Does Your Organization Add Any Value? How Do You Know?
post # 54 — April 21, 2006 — a Managing, Strategy post
In yesterday’s post, there is the beginning of a discussion about networks or ‘hubs’ of professionals . I don’t want to bring that discussion to a halt, but in this post, I’d like to explore one specific question that arises from the discussion.
If you are an organization (let’s say a company or a firm) made up of professionals who are mobile and can take both their skills and their book of business elsewhere, how would you go about judging or measuring whether your organization was adding any value above and beyond the sum total of the individual talents (or books of business) of all the individual players?
In other words, how do you tell whether the organization is contributing anything?

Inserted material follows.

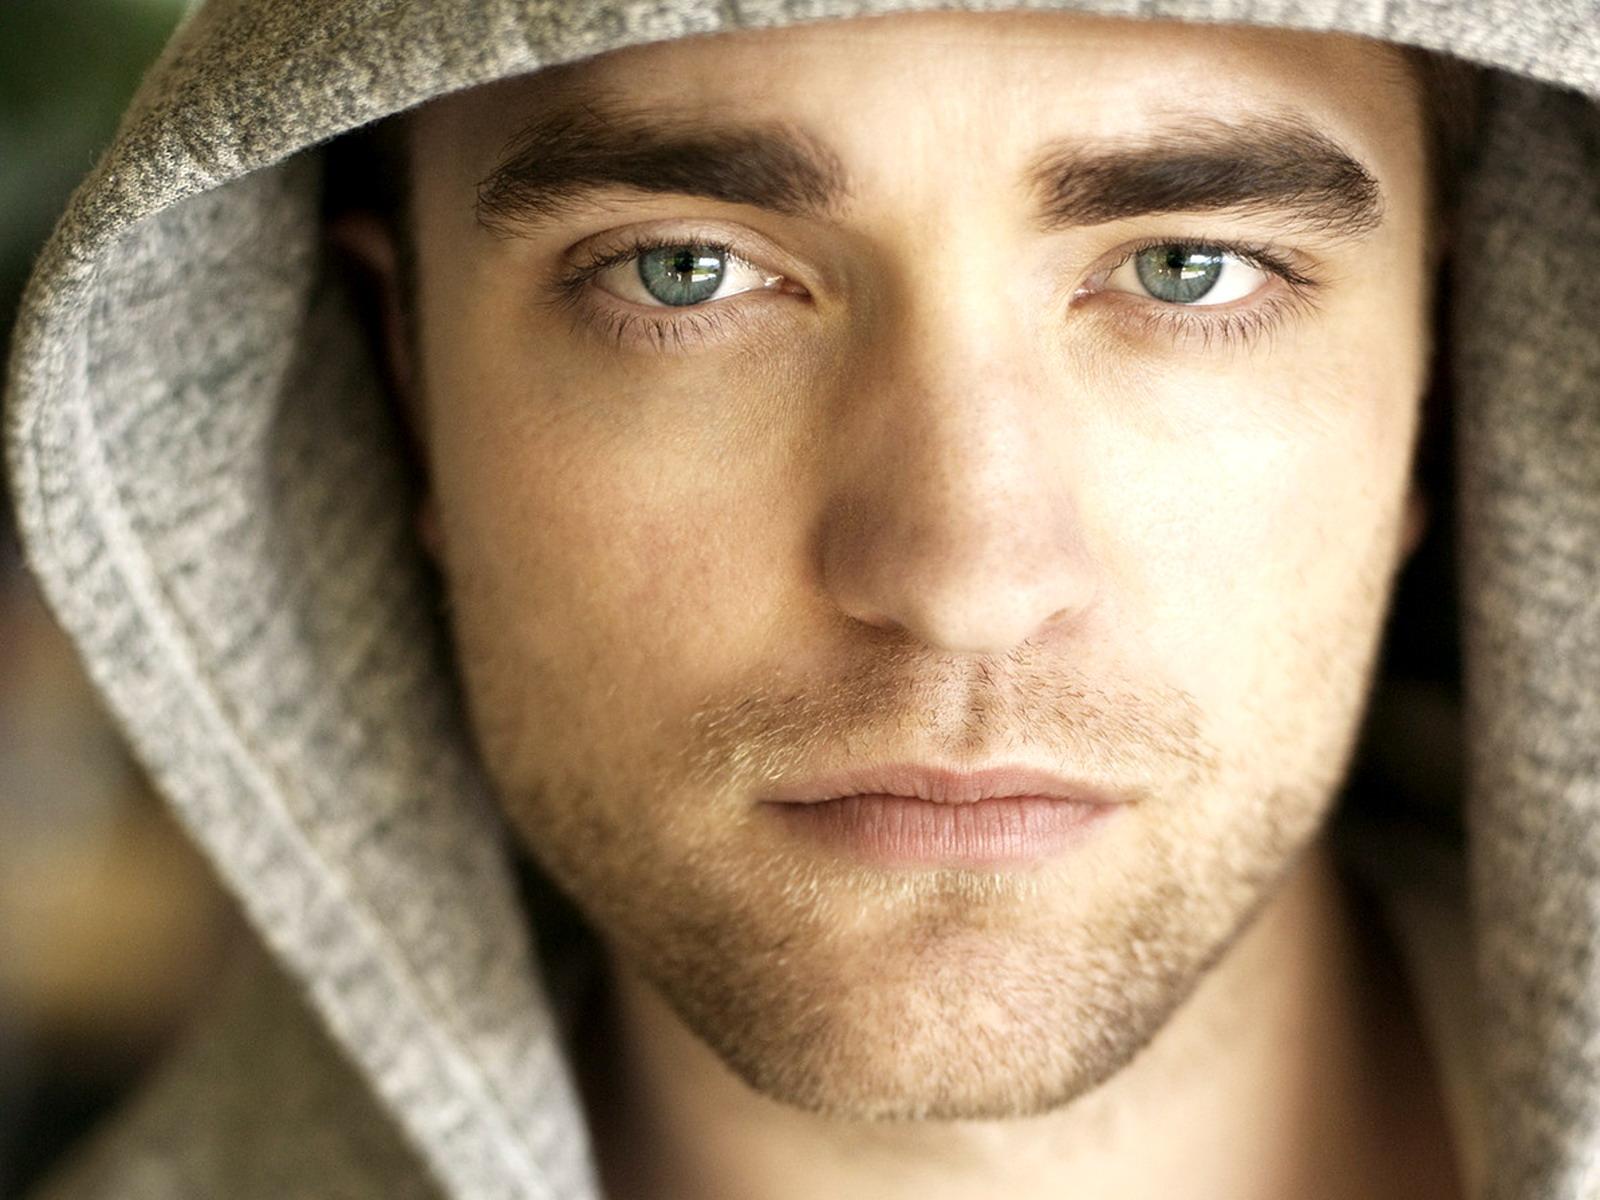 http://2.bp.blogspot.com/-H0fOx-j5kxs/TuIjMF0dn_I/AAAAAAAAFDc/VT_US-Xm6gg/s1600/Robert-Pattinson1.jpg
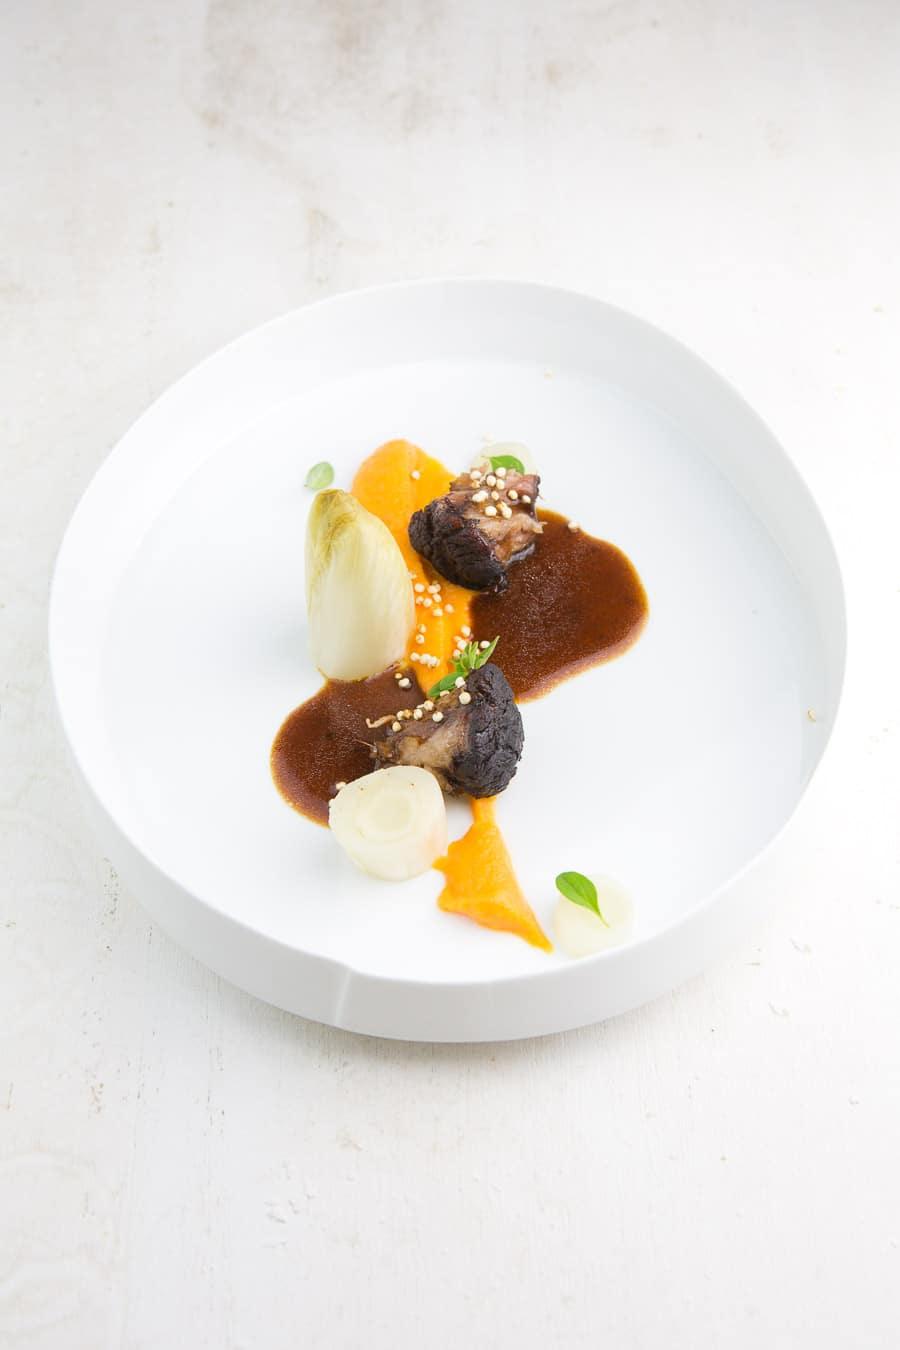 Geschmorter Ochsenschwanz mit Mole-Sauce, Chicorée und Süßkartoffel-Püree

It’s been a long time since I was an academic, but I do remember that there was a lot of work around measuring the EVA (economic value added) in corporations. Does anyone know if this can be readily be applied to professional environments?
I can imagine asking people whether they THINK their organization is helping them succeed more than they could either on their own or (probably a better question) at another firm. I can then imagine asking them IN WHAT SPECIFIC WAYS do they think they are benefitting from belonging to one organization. But that’s pretty sooft stuff.

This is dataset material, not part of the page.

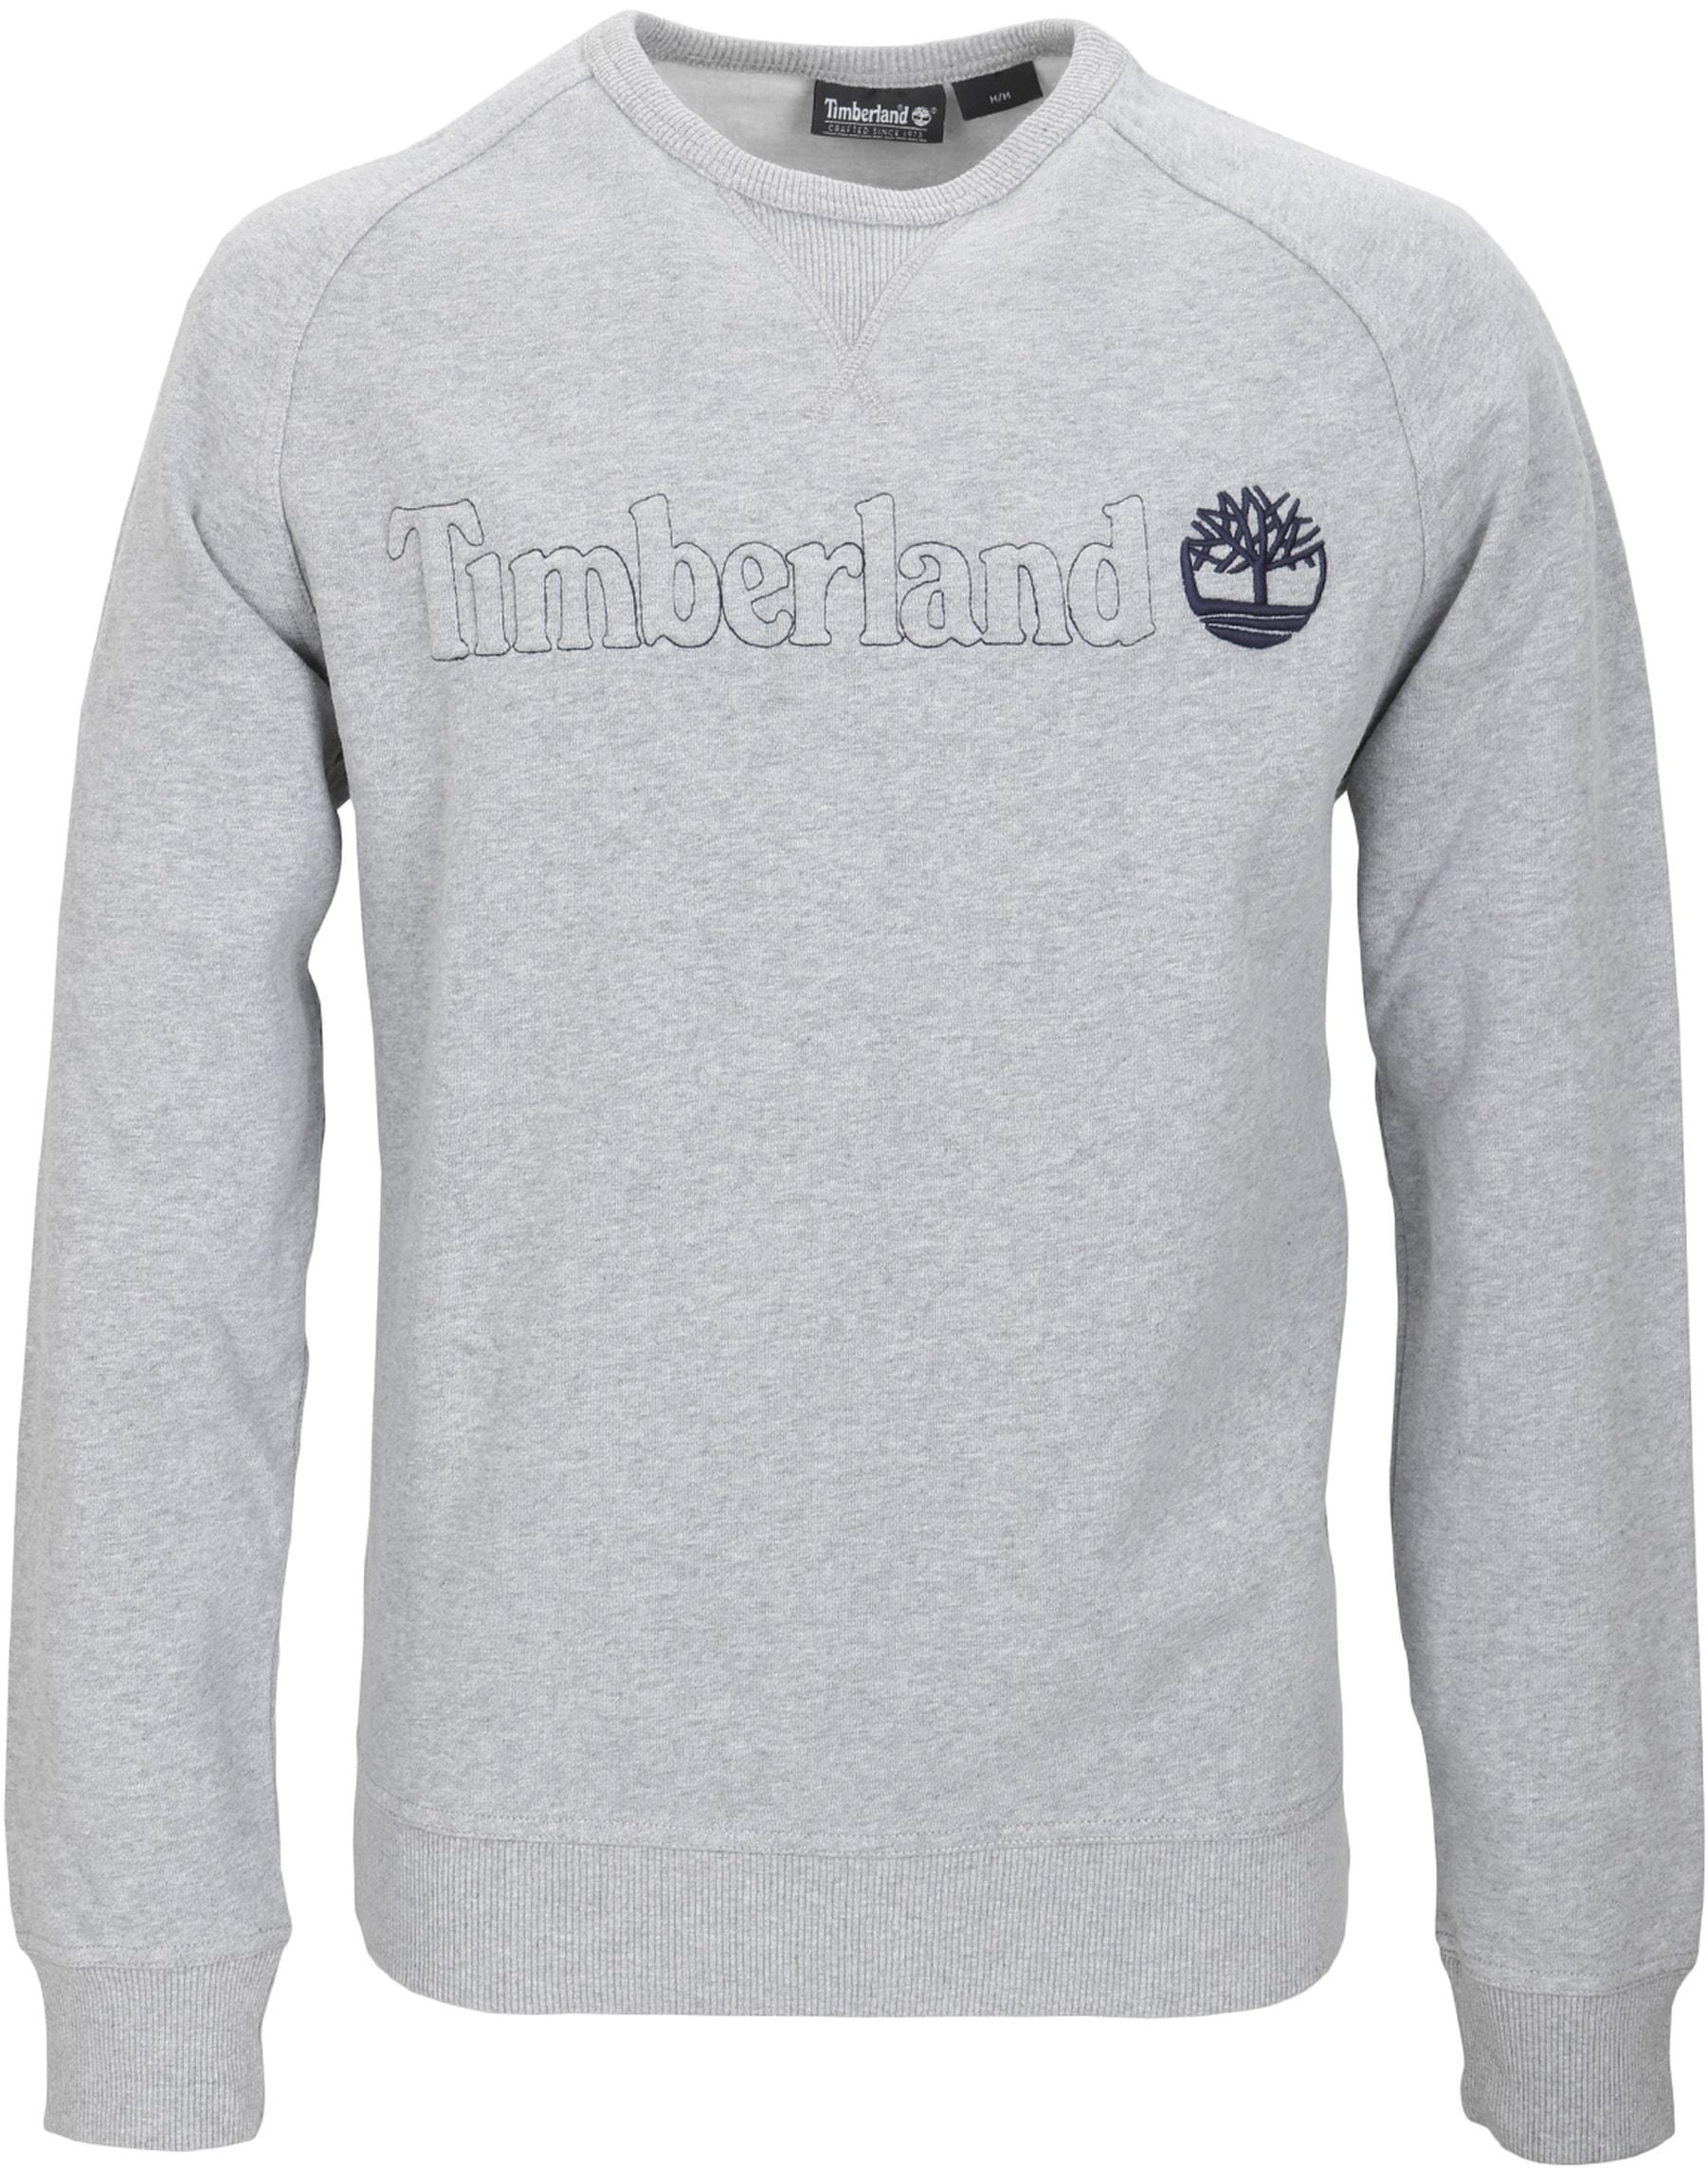 Timberland Sweater Grijs Raglan foto 0

I know there are real differences between firms in this regard. My old model of “Hunters and Farmers” (written in 1985 but included in Managing the Professionals Service Firm ) analyzed the difference between firms of autonomous entrepreneurs (‘hunters’) and firms where the value was emebedded in the organization and everyone worked to make the overall entity succeed (‘Farmers’ or ‘One-Firm Firms’)

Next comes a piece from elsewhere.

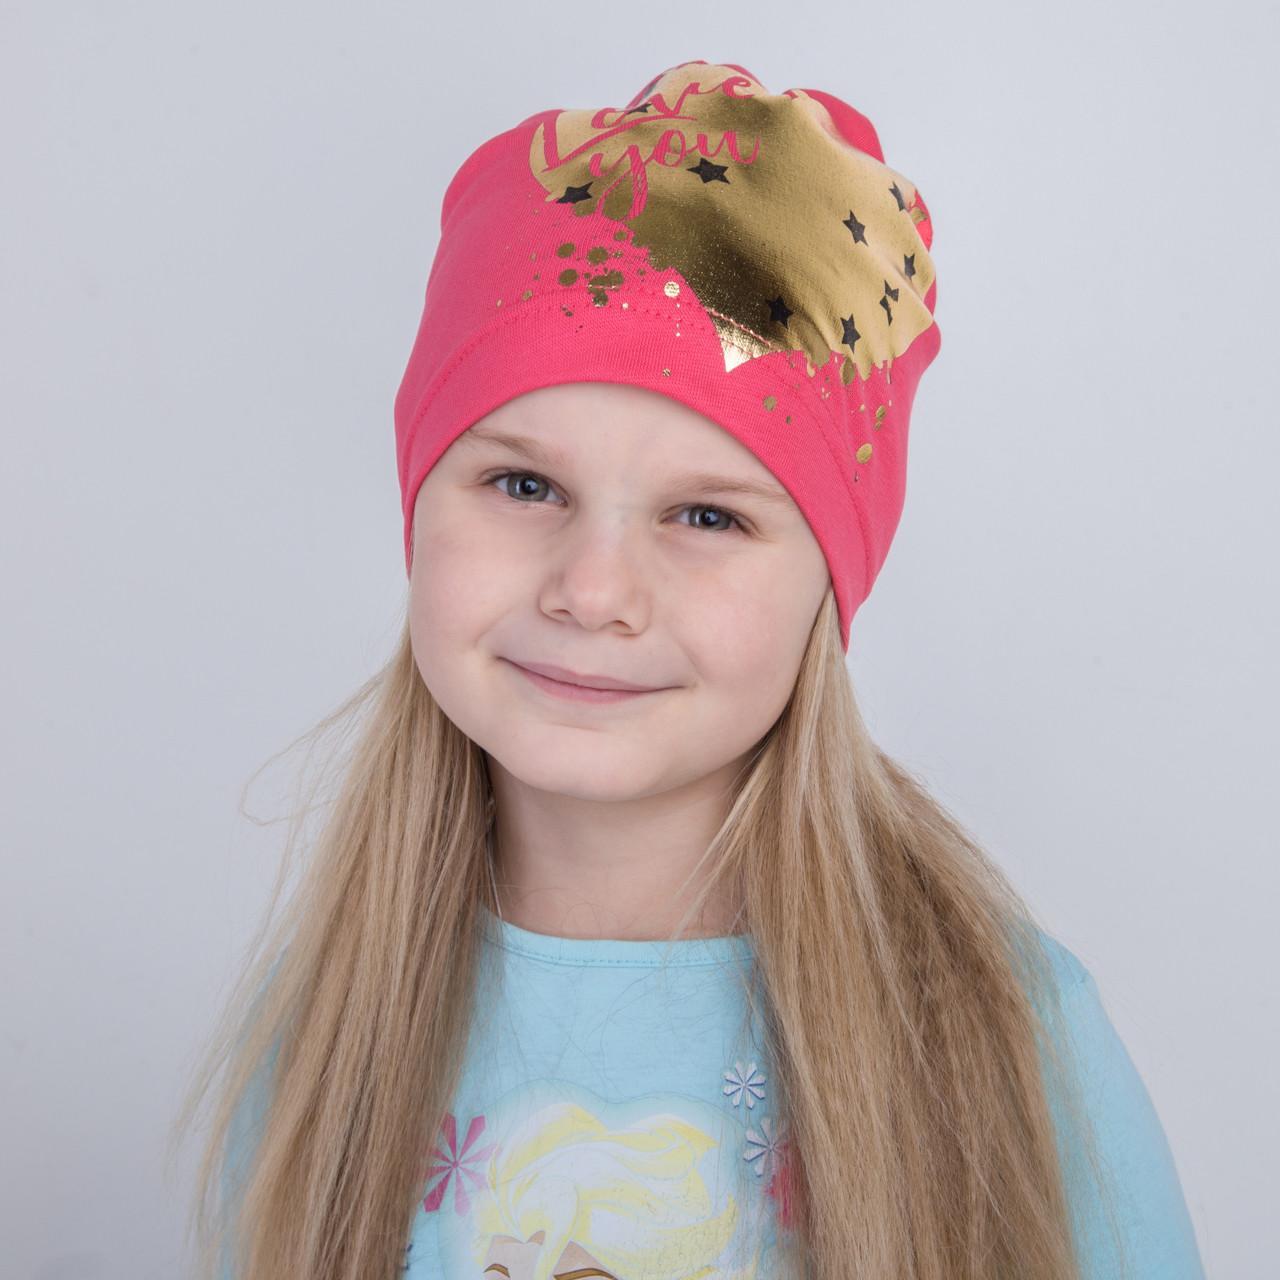 Стильная весенняя шапка для девочки - Love You - Артикул 2216

I can usually tell pretty quickly when I visit a firm where on that spectrum they are, but I haven’t (yet) thought through a way of assessing it so that (a) managers inside the firm can judge whether they are making progress in building a firm that is cohesive and adds value beyond bringing in the right warlords and (b) observers and analysts could compare the progress of different firms in this regard.
Does anyone want to propose some metrics on measuring or judging ‘value of the organization?’
1styearassociate said:
This is an excellent question.
The best measure of the value added by the firm is the satisfaction of clients with their interactions with (and the quality of services provided by) non-rainmakers. Difficult to quantify, but very important: Associates and “Service partners” performance in the eyes of the rainmaker’s client is the only way to tell if the firm is seen as more than the sum of its parts.
Another difficult to quantify but important factor would be the ratio of ancillary matters to core business services. Every big corporate client has its typical core business transactions, but they also generate ancillary personal and other non-core billable work. That’s a good metric for value added, because it serves as an assessment of the level of trust clients feel with the firm’s overall competence.